Bundan sonrasını, kitabını sadece Çin’i değil, küresel dünyanın geleceğini de anlamayı kolaylaştırmak için yazdığını belirten konunun uzmanı Yüksel Görmez’den alıntılarla sürdürüp, bitireyim.
“Günde tek tas çorba yoksulluğundan kapıda bekleyen iki Ferrari zenginliğine ulaşan bir toplum. Yıllık 10 seviyelerinde yıllarca süren kalkınma hızı, düzenli, prensipli planlı üretim seferberliği, her beş günde bir gökdelenlerin yükseldiği çılgınca kentleşme , Dünya’nın fabrikasından en büyük satıcıya ve tüketiciye en hızlı yol, insanlık tarihinin en hızlı ve kapsamlı altyapı yatırımları, Dünya’nın enlerini alt üst eden kitlelerin kütlesi, Çin mucizesinin başlıca nedenleri arasındadır.
Yüksel Görmez Çin hakkındaki görüşlerini maddeler halinde şöyle sıralıyor:
21. Yüzyılın Cenneti de Cehennemi de Çin olacaktır.
Kahve Yemen’den, başka her şey Çin’den gelir.
Çin doğruları, gerçeklere bakarak keşfeder.
Çin’de her şey, aç olmaktan iyidir.Ne bulurlarsa yenir.
Çin para politikası, şeytana pabucu ters giydirir.
Çin büyüktür, çok büyüktür, en büyüktür ve büyümeye devam etmektedir.
Dünya Çin’e kapandıkça, Çin Dünya’ya açılmaya devam edecektir.
Çin satılık ne varsa taliptir, her türlü yatırıma hazırdır.
Çin’de tatil yerine çalışmak zorunludur.
Çin’in doğusu en zengin, batısı ise çok fakirdir.

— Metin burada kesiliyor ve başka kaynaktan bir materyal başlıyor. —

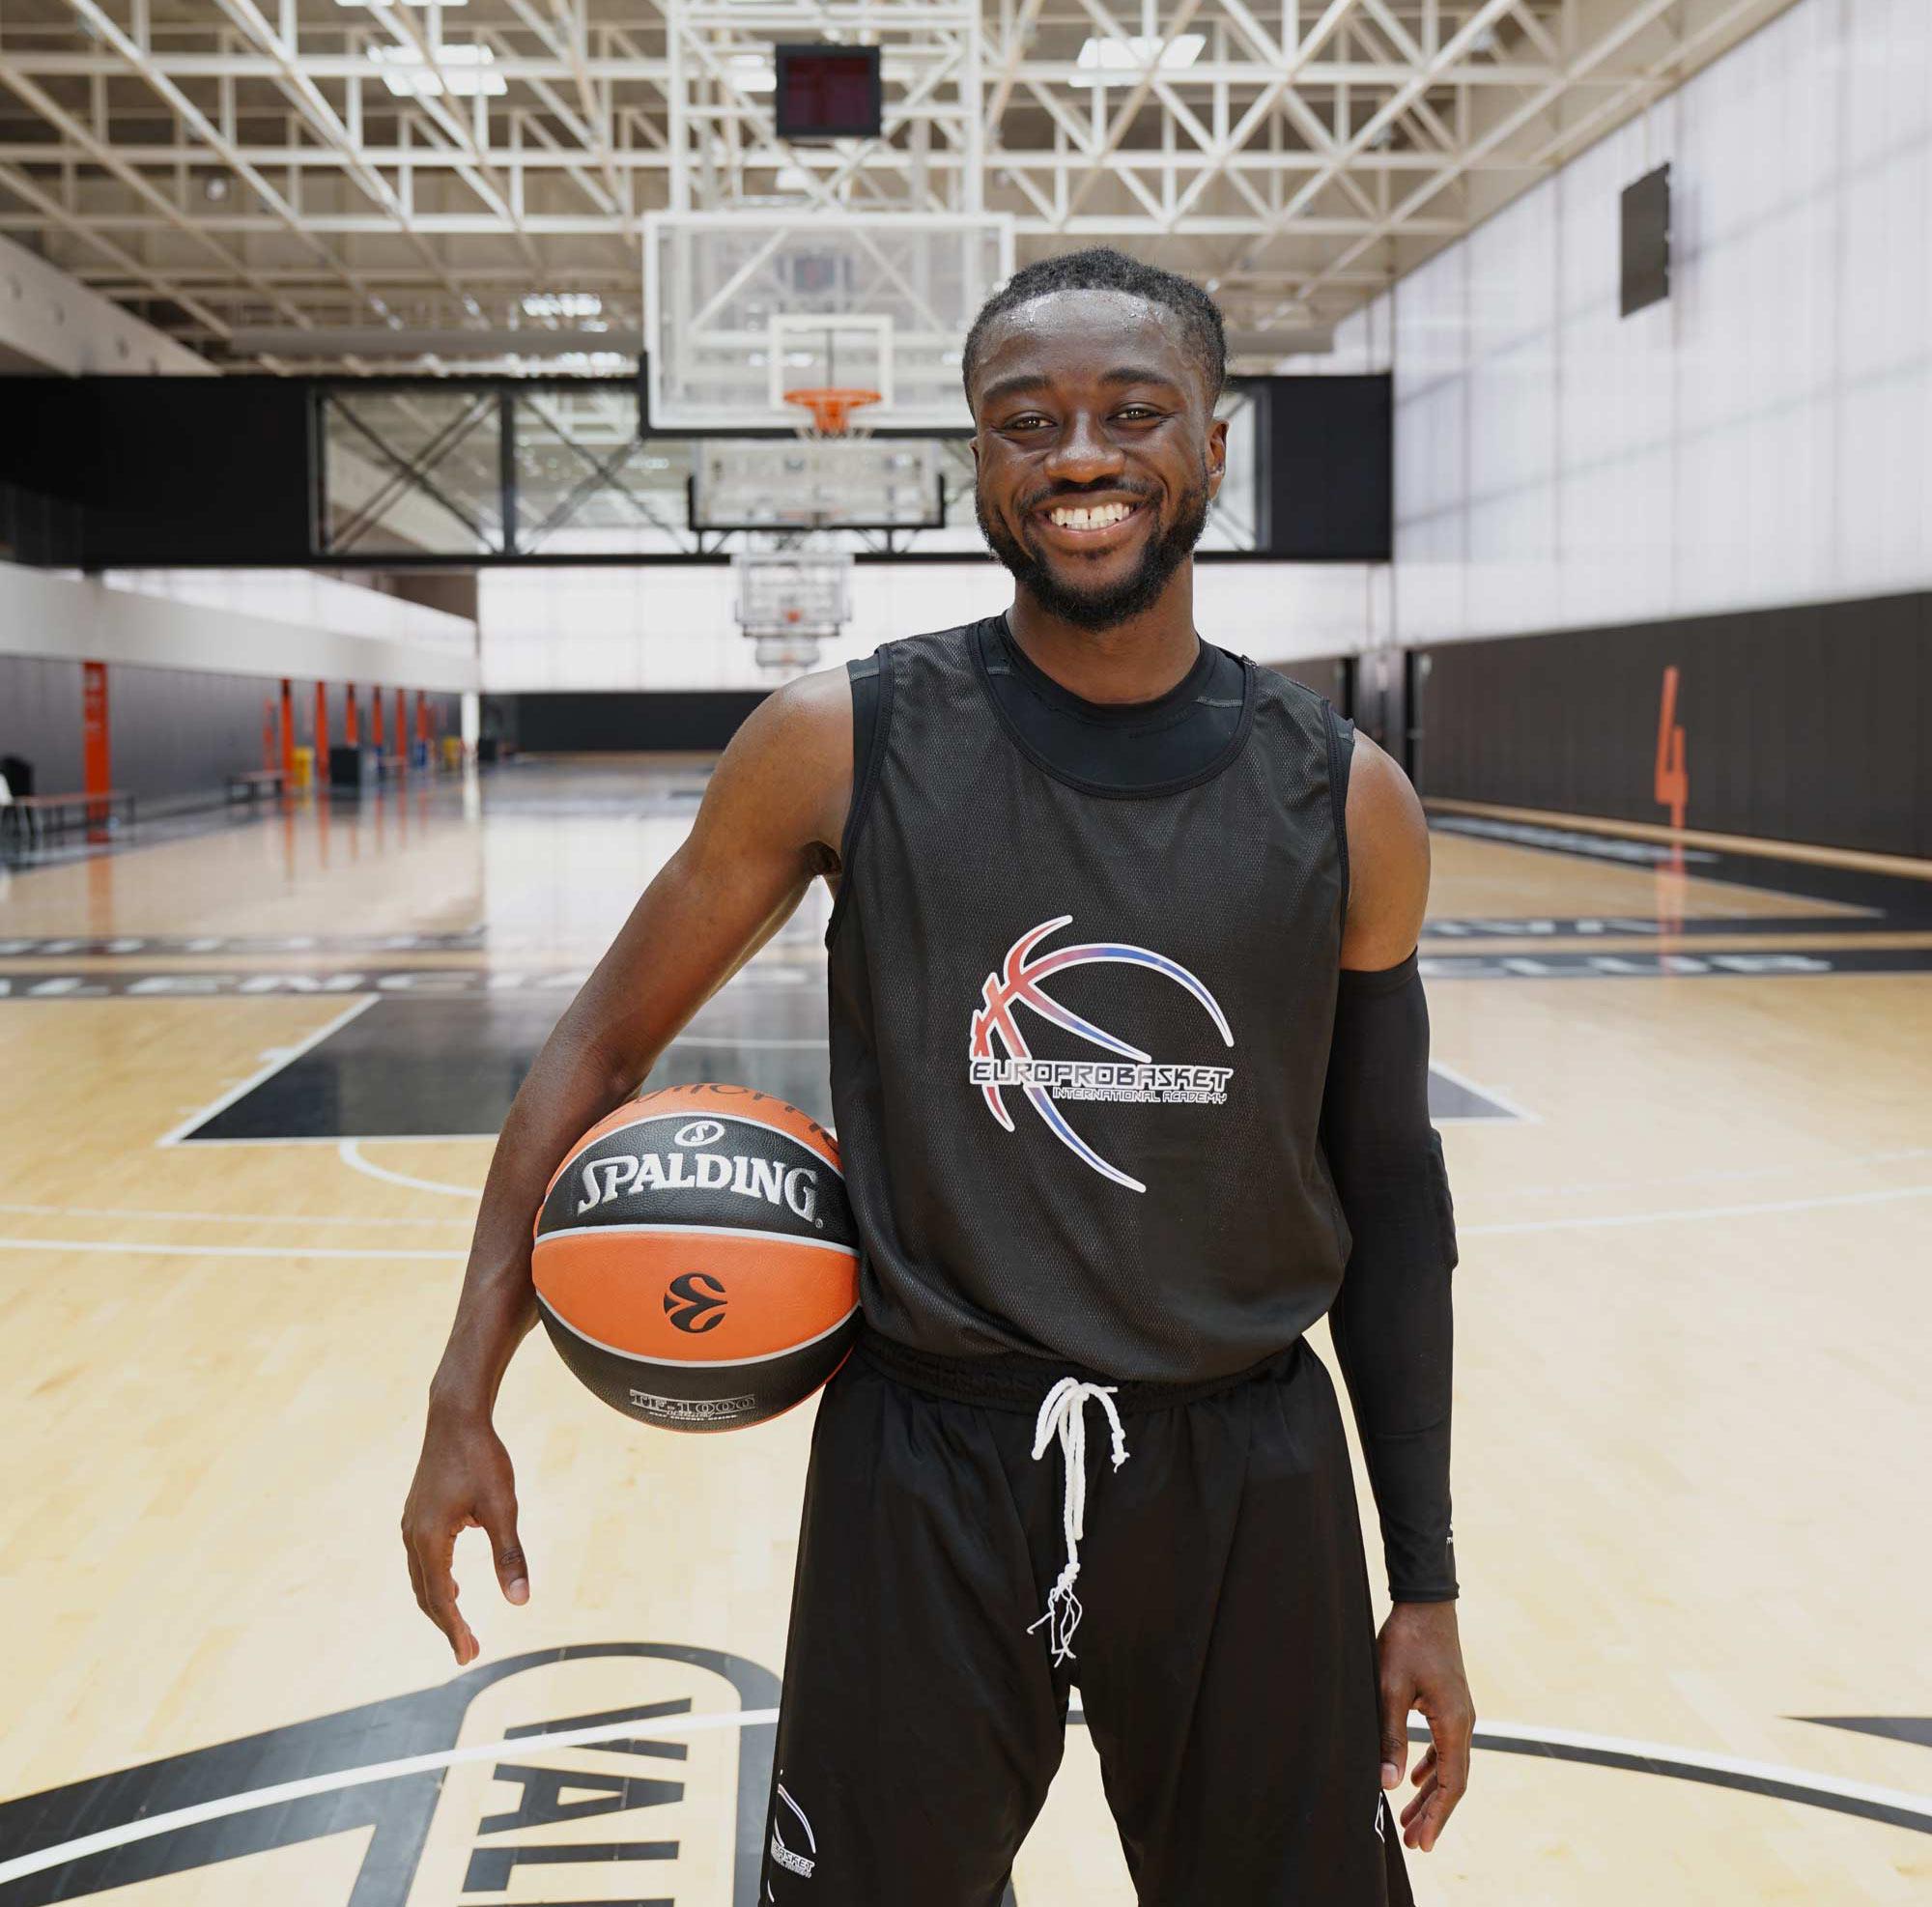 James Agyeman europrobasket basketball

Doğu Türkistan ülkenin adeta ihmal edilmiş bölgesidir.
Çin’de eşitlik yoktur.
Çin’in özellikleri saymakla bitmez.
Nüfusuyla, tarihi ve kültürel geçmişiyle, yaşayışı ile, büyük uyanışıyla, her alandaki araştırma ve inanılmaz endüstrileşmesiyle , dünyayı sarsan Çin’i, yıllarını Çin’e adamış bir uzman gözüyle tanımak isterseniz Yüksel Görmez’ın çalışmasını ve kitabını okuyun derim.